Antennapedia homologues have been found in the majority of
multicellular organisms and are well conserved. For example, the
human and drosophila homeodomains differ by only one conservative
amino acid substitution. Homologues produced artificially, for
example using site-directed mutagenesis, are also within the scope
of the invention. The ability of a naturally-occurring or
artificial sequence to translocate the membrane may be tested by
routine methods that are well-known in the art.
[0041] Variants of the homeodomain which retain the ability to
translocate the membrane have been reported in the art and are
within the scope of the invention. For example, EP-B-0 485 578 to
CNRS discloses homeopeptides comprising the helix 3 sequence of
pAntp, and these are incorporated herein by reference.

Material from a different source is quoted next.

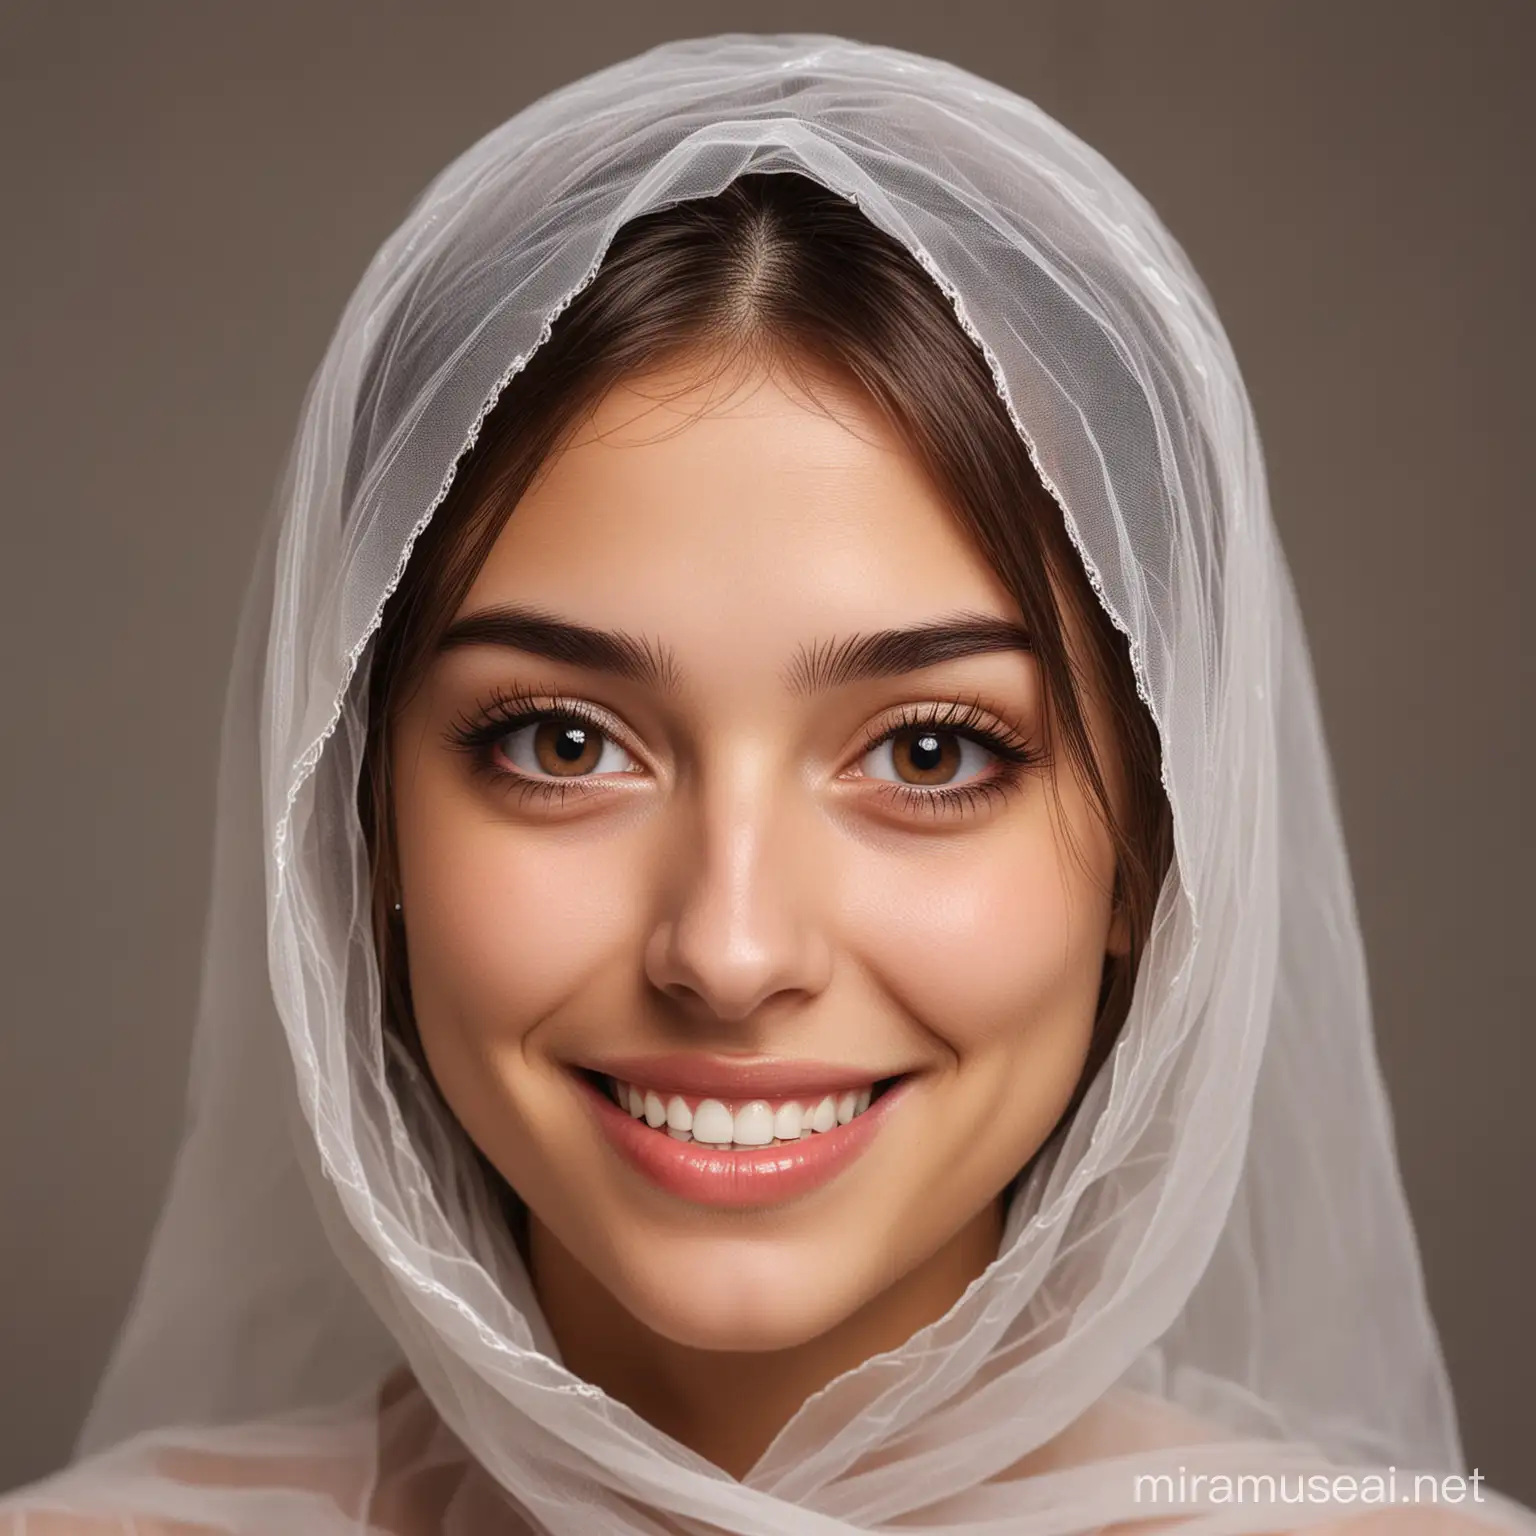 Veiled Girl with Piercing Gaze and Bright Smile

[0042] WO97/12912 also to CNRS discloses the actual sequence of the
helix 3 of pAntp, and variants thereof. These also are incorporated
herein be reference. In particular, helix 3 is said to have the
sequence:
TABLE-US-00003 SEQ ID NO. 4: Arg-Gln-Ile-Lys-Ile-Trp-Phe-Gln-Asn-
Arg-Arg-Met-Lys-Trp-Lys-Lys
[0043] The variants are said to have the sequence:
TABLE-US-00004 SEQ ID NO. 5: X1-X2-X3-X4-X5-X6-X7-X8-X9-X10-X11-
X12-X13-X14-X15-X16 or SEQ ID NO. 6:
X16-X15-X14-X13-X12-X11-X10-X9-X8-X7- X6-X5-X4-X3-X2-X1
[0044] wherein each X represents an .alpha.-amino acid, with X6
representing tryptophan; said peptide comprising between 6 and 10
hydrophobic amino acids.
[0045] Other variants are disclosed in for example, Gehring W
(1987) Homeo Boxes in the Study of Development. Science 236
1245-1252 discloses a homeodomain of 62 amino acids, i.e. with glu
at position 0 and lys at position 61. Bloch-Gallego E et al (1993)
Antennapedia Homeobox Peptide Enhances Growth and Branching of
Embryonic Chicken Motoneurons In Vitro. The Journal of Cell Biology
120(2) 485-492 discloses a mutant called pAntp40P2 that was still
able to translocate through the motoneuron membrane and to reach
the nucleus. In this mutant the leucine and threonine residues in
positions 40 and 41 were replaced by two proline residues. Le Roux
et a; (1993) Neurotropic activity of the Antennapedia homeodomain
depends on its specific DNA-binding properties. Proc. Natl. Acad.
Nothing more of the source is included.